Google Stadia na telewizorach LG
(fot. LG)

Google Stadia oficjalnie na telewizorach LG

Jak powiedzieli, tak zrobili. LG dodaje kolejną usługę cloud-gamingu do swoich telewizorów obsługujących WebOS 5.0. Do grona tych serwisów dołącza Google Stadia. Jest to dość ciekawe posunięcie, patrząc na obecny stan tej subskrypcji.

To Stadia jeszcze żyje?

Ano żyje i, jak widać, ma się całkiem dobrze. Nie tak dawno informowaliśmy, że GeForce NOW pojawi się na telewizorach LG. Teraz producent nawiązał współpracę z Google, czego wynikiem jest kolejna usługa cloud-gamingu w LG Content Store. Google Stadia można już pobrać w 22 krajach, w których serwis został udostępniony, w tym również w Polsce.

Za subskrypcję Google Stadia Pro zapłacicie 39 złotych miesięcznie.
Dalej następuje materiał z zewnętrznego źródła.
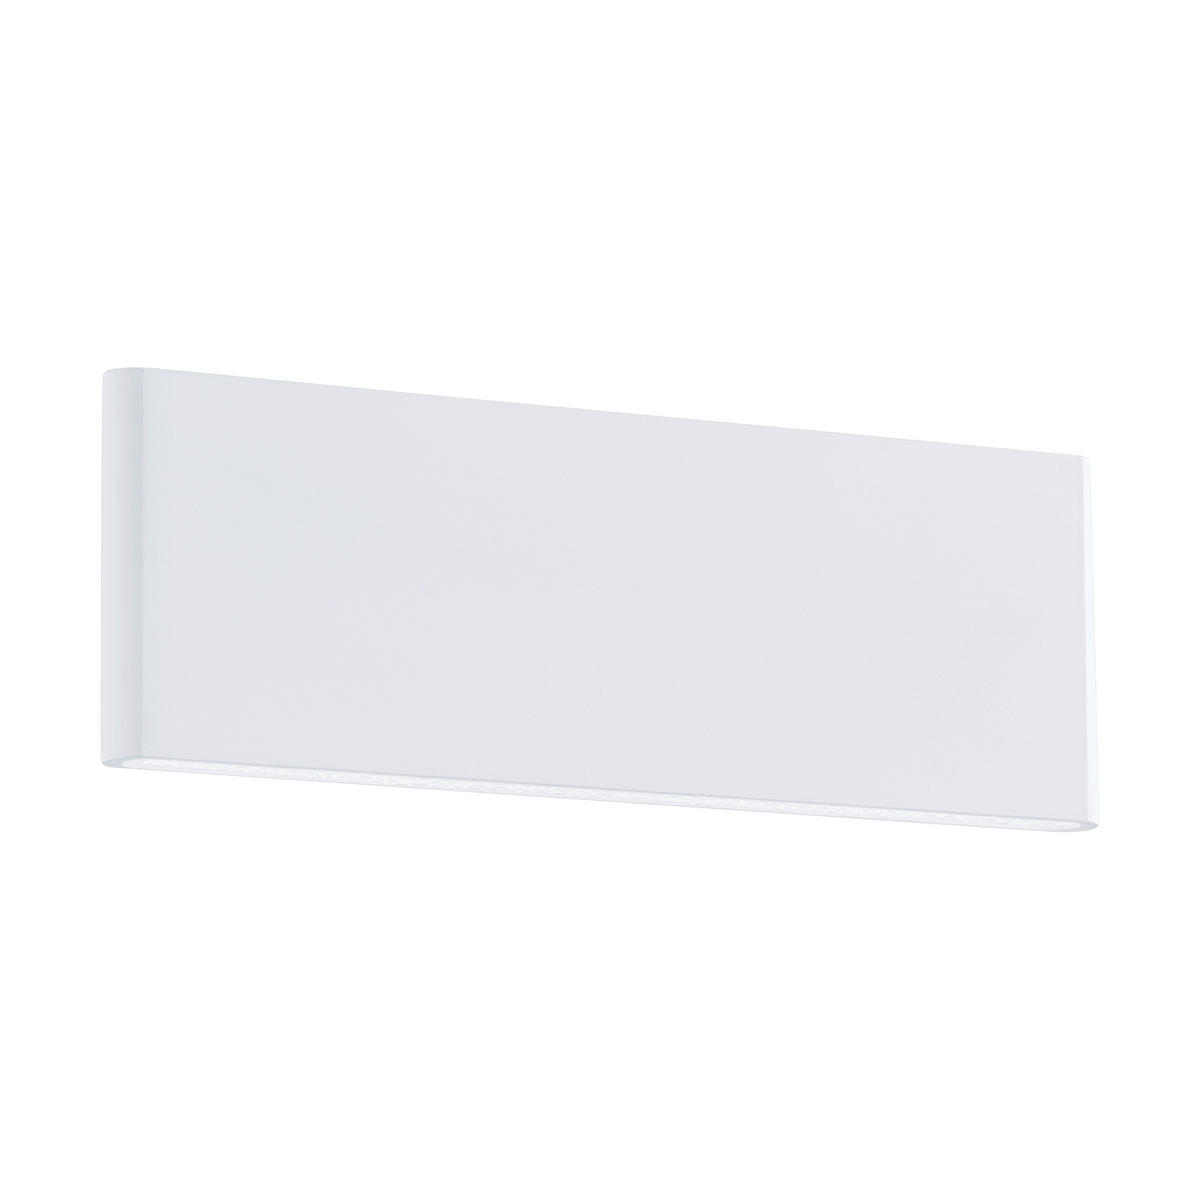 LED-WANDLEUCHTE   - Weiß, KONVENTIONELL, Kunststoff/Metall (8/25,5/4,5cm) - Eglo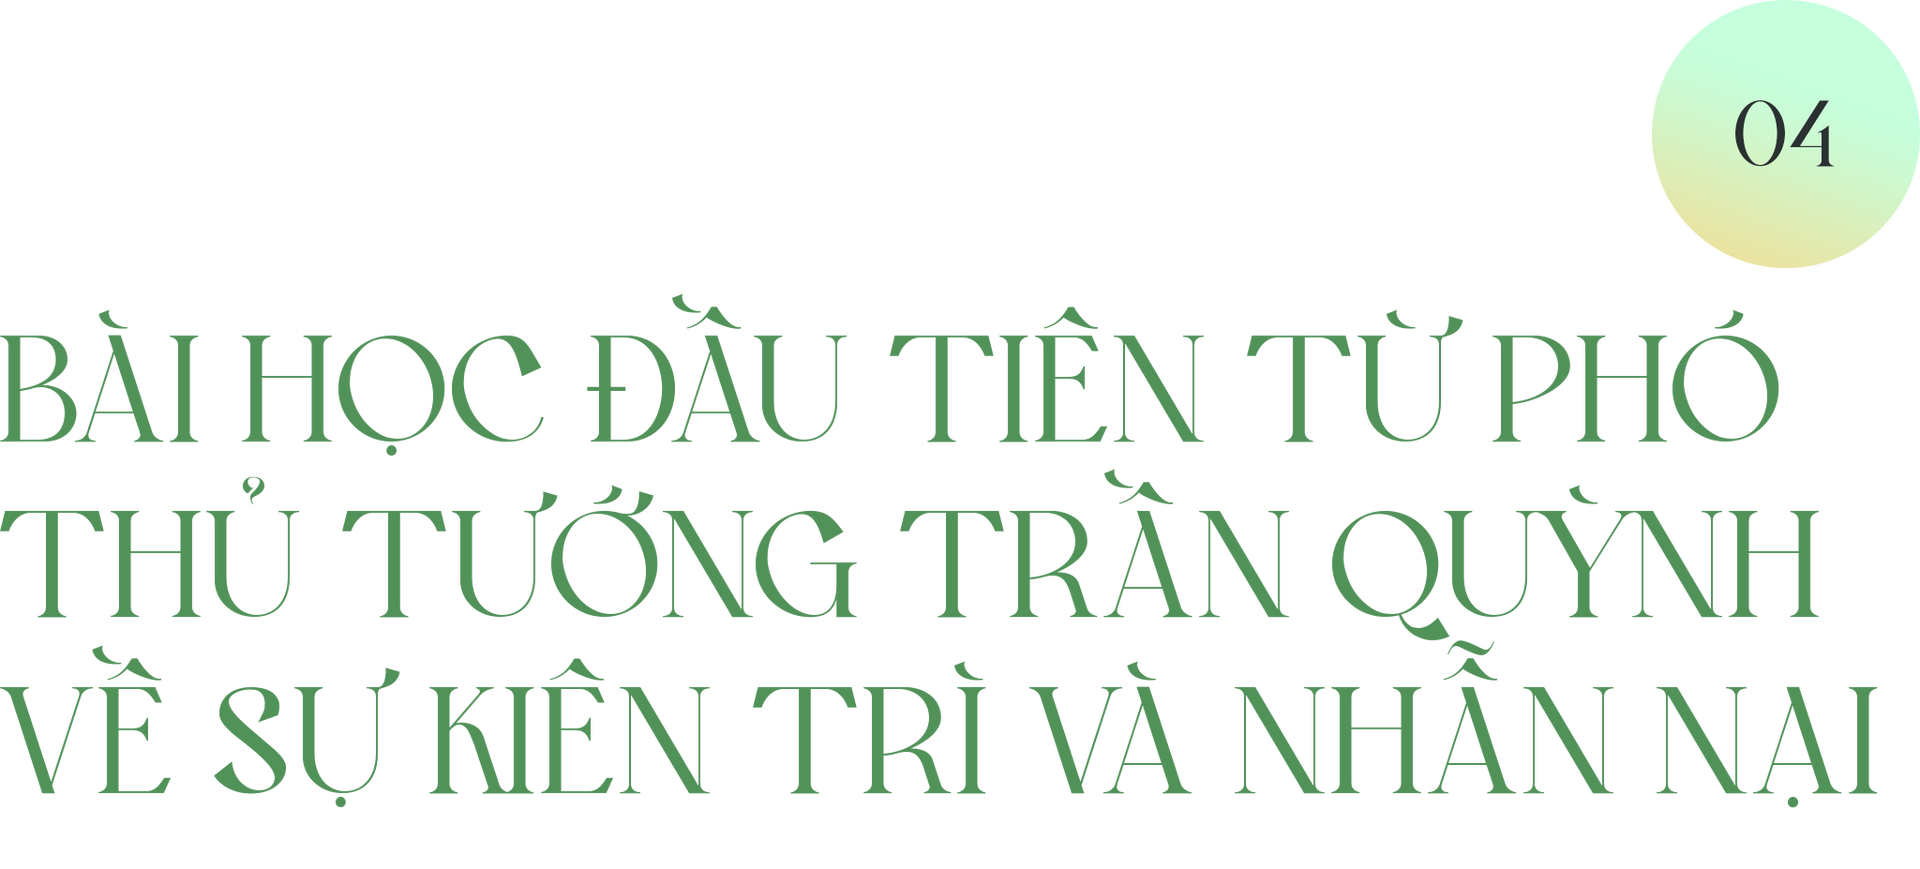 Người được chọn cho sứ mệnh mở đường đặc biệt của Chính phủ Việt Nam - 15

W jej ramach zyskujecie dostęp do specjalnie wyselekcjonowanych gier, chmury w 4K oraz dźwięku przestrzennego 5.1. Stadia to nie jednak nie tylko abonament, ponieważ każdą z produkcji dostępnych w usłudze, możecie również kupić osobno.

Niestety – największe hity kosztują tyle, co na konsolach oraz komputerach PC. Z racji jednak, że tych gier nie można w żaden sposób pobrać, trudno taką inwestycję usprawiedliwić. A Google ma niestety dar szybkiego wygaszania usług, które nie przynoszą wielkich profitów.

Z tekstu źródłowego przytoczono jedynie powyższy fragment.